Wednesday, February 4, 2009

How do moths feel about flames?

They're not attracted to them (or any light for that matter). They are disoriented by them.

Apart from the odd forest fire, artificial light sources have been in existence for an extremely short time in comparison with the age of the relationship between moths and the sun and moon. Many insects use these light sources to navigate by day and night.

Because the moon and sun are a long way away, insects have evolved to expect the light from them to strike their eyes in the same place at different times of day or night, enabling them to calculate how to fly in a straight line.

When people come along with their portable miniature suns and moons and a moth flies by, the light confuses it. It assumes it must somehow be moving in a curved path, because its position in relation to the stationary sun or moon has unexpectedly changed.

The moth then adjusts its course until it sees the light as stationary again. With a light source so close, the only way to do this is to fly around and around it in circles.

Tuesday, February 3, 2009

Fly like a...New Ford F-150?

The launching mechanism of a carrier ship that helps planes to take off, could throw a pickup truck over a mile.
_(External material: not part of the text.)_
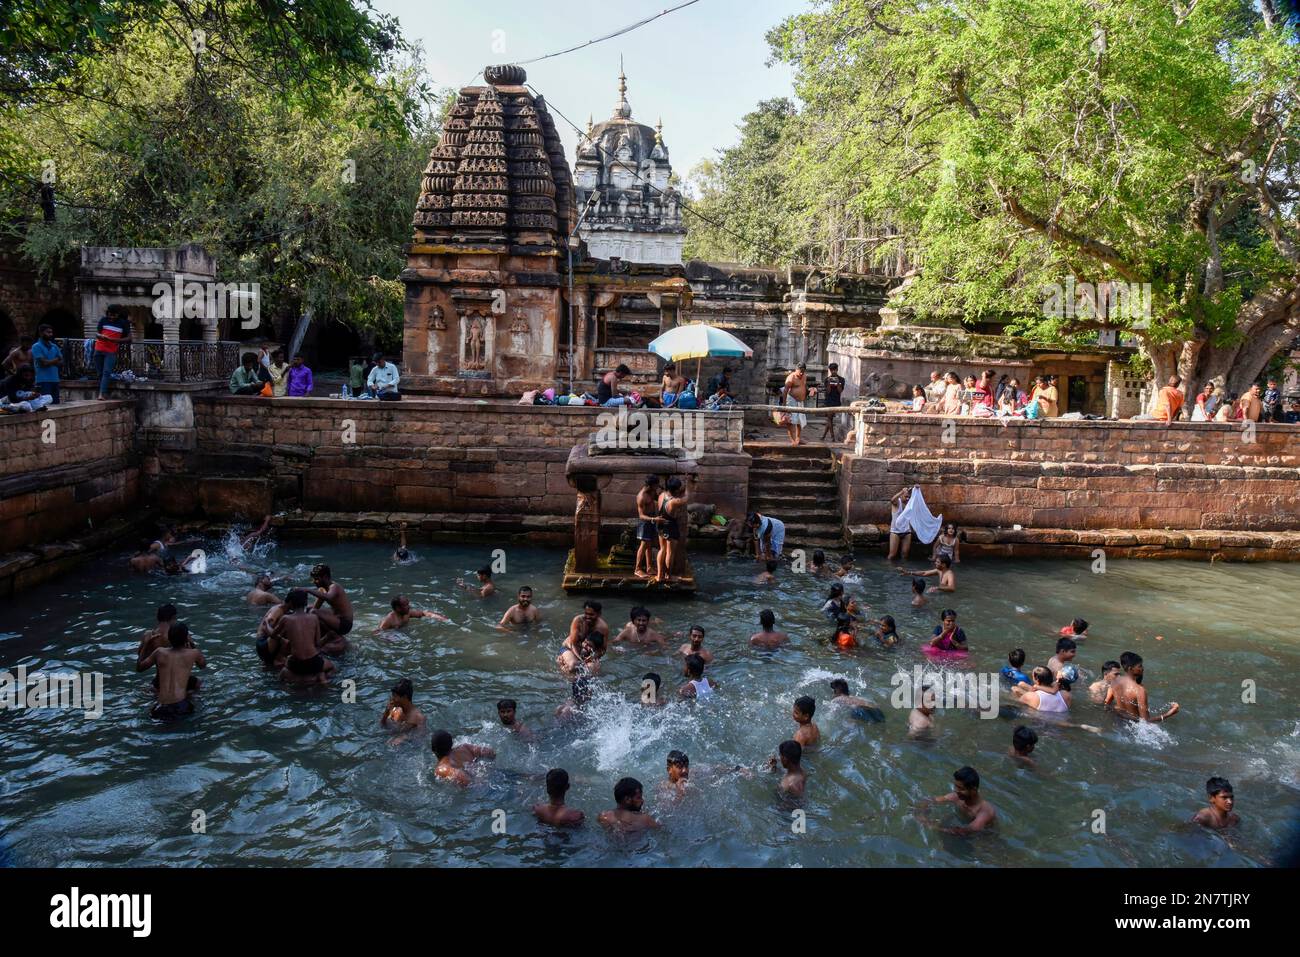 Bagalkot, Karnataka, India - Oct 26 2022: People bathing in the temple tank of Mahakuta temples built by the early Chalukya kings. Stock Photo

The primary takeoff assistance comes from the carrier's four catapults, which get the planes up to high speeds in a very short distance. Each catapult consists of two pistons that sit inside two parallel cylinders, each about as long as a football field, positioned under the deck. The pistons each have a metal lug on their tip, which protrudes through a narrow gap along the top of each cylinder. The two lugs extend through rubber flanges, which seal the cylinders, and through a gap in the flight deck, where they attach to a small shuttle.
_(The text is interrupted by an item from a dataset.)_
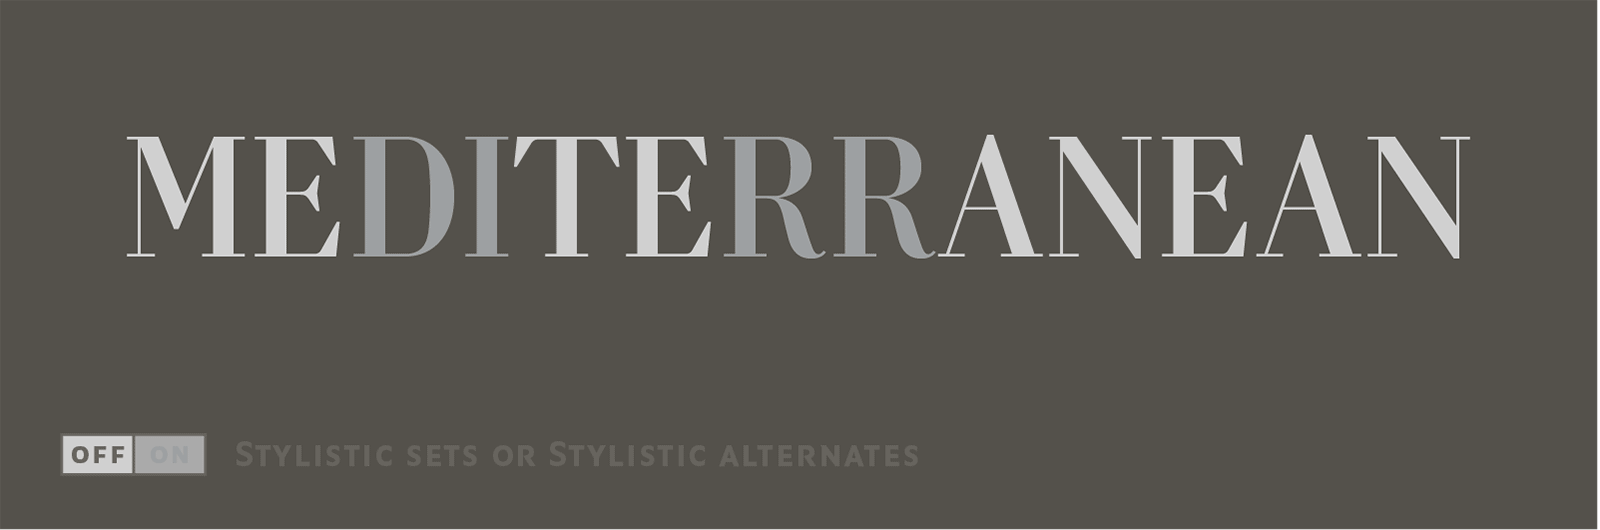 Stylistic sets and Stylistic Alternates

When the plane is ready to go, the catapult officer opens valves to fill the catapult cylinders with high-pressure steam from the ship's reactors. This steam provides the necessary force to propel the pistons at high speed, slinging the plane forward to generate the necessary lift for takeoff. Initially, the pistons are locked into place, so the cylinders simply build up pressure. The catapult officer carefully monitors the pressure level so it's just right for the particular plane and deck conditions. If the pressure is too low, the plane won't get moving fast enough to take off, and the catapult will throw it into the ocean. If there's too much pressure, the sudden jerk could break the nose gear right off.
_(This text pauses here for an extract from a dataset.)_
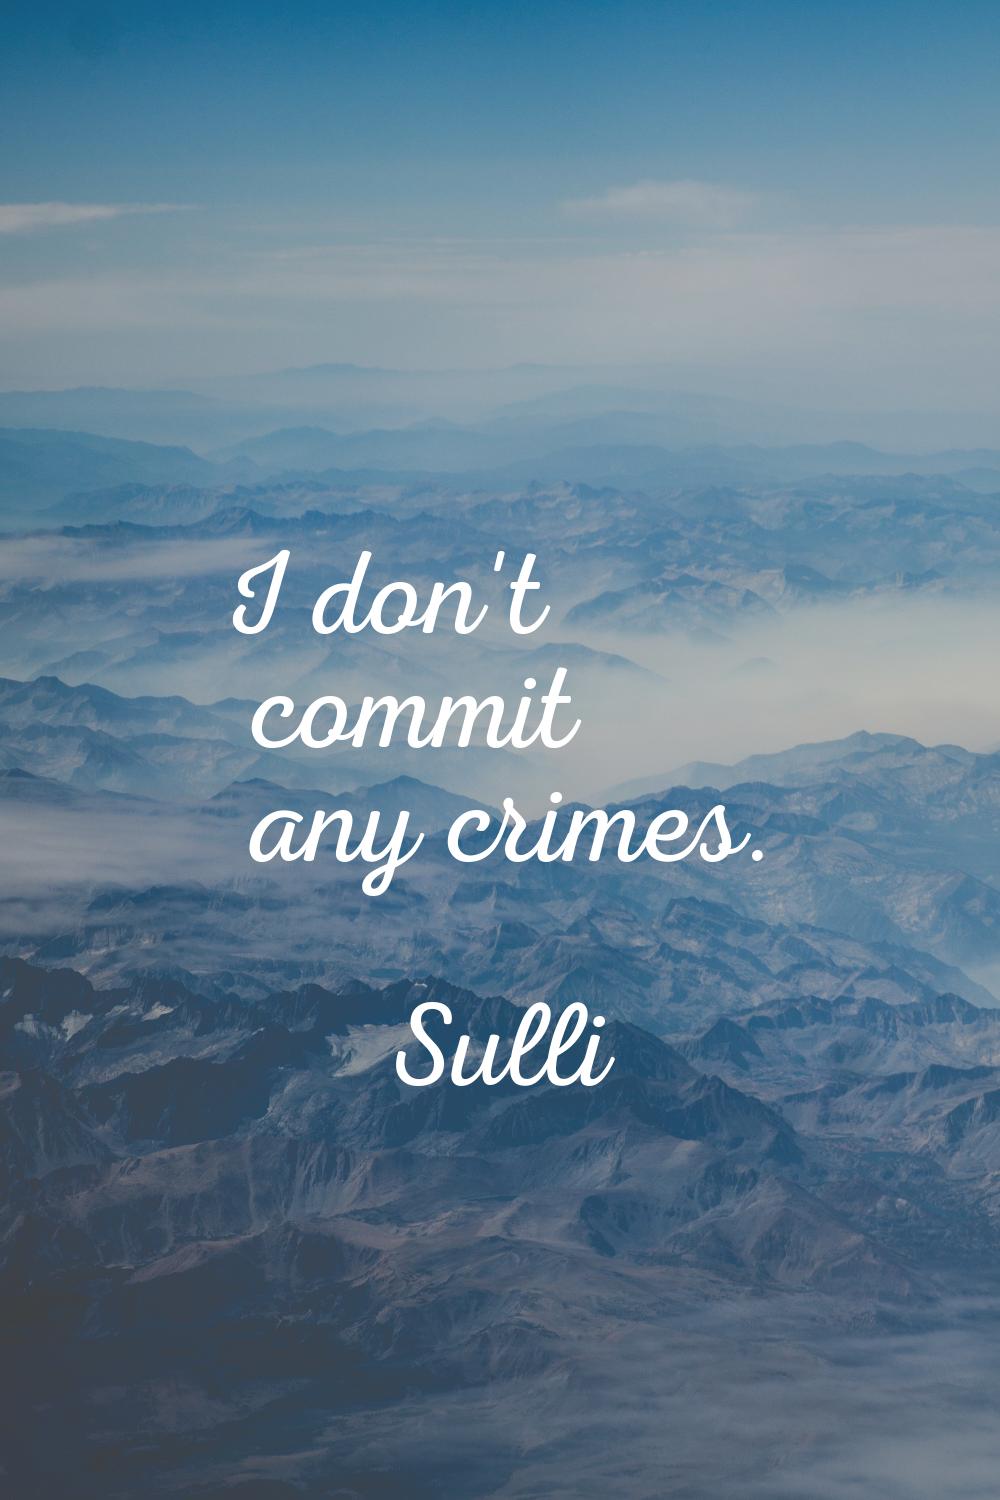 I don't commit any crimes.

When the cylinders are charged to the appropriate pressure level, the pilot blasts the plane's engines. The holdback keeps the plane on the shuttle while the engines generate considerable thrust. The catapult officer releases the pistons, the force causes the holdbacks to release, and the steam pressure slams the shuttle and plane forward. At the end of the catapult, the tow bar pops out of the shuttle, releasing the plane. This totally steam-driven system can rocket a 45,000-pound plane from 0 to 165 miles per hour (a 20,000-kg plane from 0 to 266 kph) in two seconds!

Monday, February 2, 2009

No gum allowed!

In 1992 chewing gum was banned from Singapore. Chewing gum was causing serious maintenance problems in all areas of the city-state. After the 1987 launch of the $5 billion mass transit train system, it was reported that vandals had begun sticking chewing gum on the door sensors of the trains, preventing the doors from functioning properly and causing disruption of train services. Surprisingly, after the ban no known black market for chewing gum ever emerged in Singapore, although some citizens did occasionally manage to smuggle some from Malaysia for their own consumption. In 2004 the ban was revised to recognize the proven health benefits of certain gums that contain calcium lactate to strengthen tooth enamel. The sale of this newly categorized medicinal gum was allowed, as long as it was sold by a dentist or pharmacist, who is required to record the name of the purchaser.

Sunday, February 1, 2009

Awfully suspicious...

President Lincoln’s oldest son was on the scene of three presidential assassinations. His father in 1865, Garfield in 1881, and McKinley in 1901.